Could it be a cat/kitten? head right sort of shape, feet look a bit like cats paws, and the teeth are totally wrong for a rodent but right for a cat... definitely some sort of carnivorous/semi-carnivorous animal with those teeth....

It's kinda morbid but this and the recent thread about the drowned animal I've kinda enjoyed playing "guess the dead body". Hmmm... bit worrying what that says about me......


----------



## Shell195 (May 31, 2007)

Lenor said:


> Could it be a cat/kitten? head right sort of shape, feet look a bit like cats paws, and the teeth are totally wrong for a rodent but right for a cat... definitely some sort of carnivorous/semi-carnivorous animal with those teeth....
> 
> *It's kinda morbid but this and the recent thread about the drowned animal I've kinda enjoyed playing "guess the dead body". Hmmm... bit worrying what that says about me......[/*QUOTE]
> 
> ...


----------



## rimonex (Dec 21, 2010)

Could you take a close up picture of the teeth please? That'd probably be the easiest way to get an ID.


----------



## LiquidOnyx (Aug 23, 2011)

Looks like a kitten to me. The skull looks exactly like one I own, and the paws are very cat-like.


----------



## jay1122 (Jun 26, 2011)

i sy cat lol


----------



## SnickersTheFirst (Jul 19, 2011)

It does look very cat/kitten like...poor thing. 
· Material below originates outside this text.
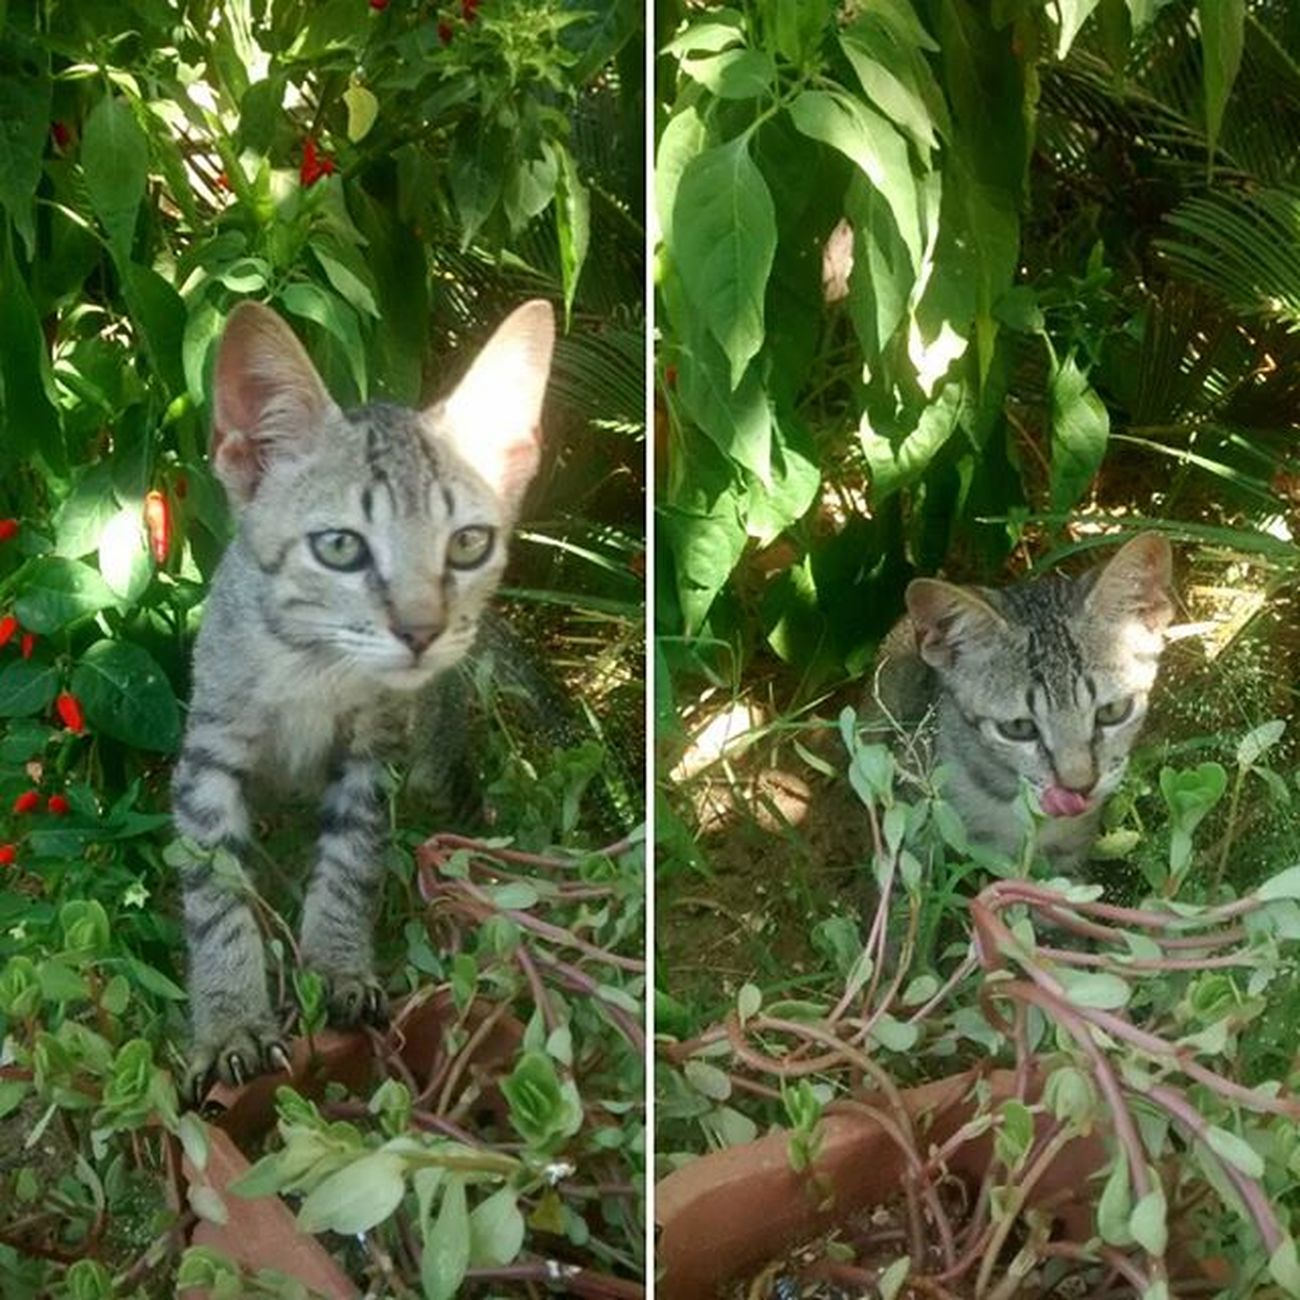 Oi, eu sou o gatão. O rei do jardim. Cat Gatto Gato Gatao Animal Animale Kingofthegarden Buzios Buziosrj Errejota  Riodejaneiro Rio40graus Semfiltro Brazil Brasil

Would be good if you got an ID done at a museum or something so we could know for sure.


----------



## corvid2e1 (Jan 21, 2007)

Skull looks right for a cat, but hard to be sure without closer pictures. "wings" seem to be quite common in unidentified mumified or rotting animals and are usuauly just sections of skin dried in unusual posisions.


----------



## Shell195 (May 31, 2007)

I cant get any more pics as its my daughters boyfriends find and he gave it to his friends daughter for school:bash:
Corvid, I can see what you mean about the wings being skin. The eye sockets look wrong for a cat but it could be because there is still skin attached to the skull.


----------



## Amalthea (Oct 2, 2007)

That's a really interesting find!!


----------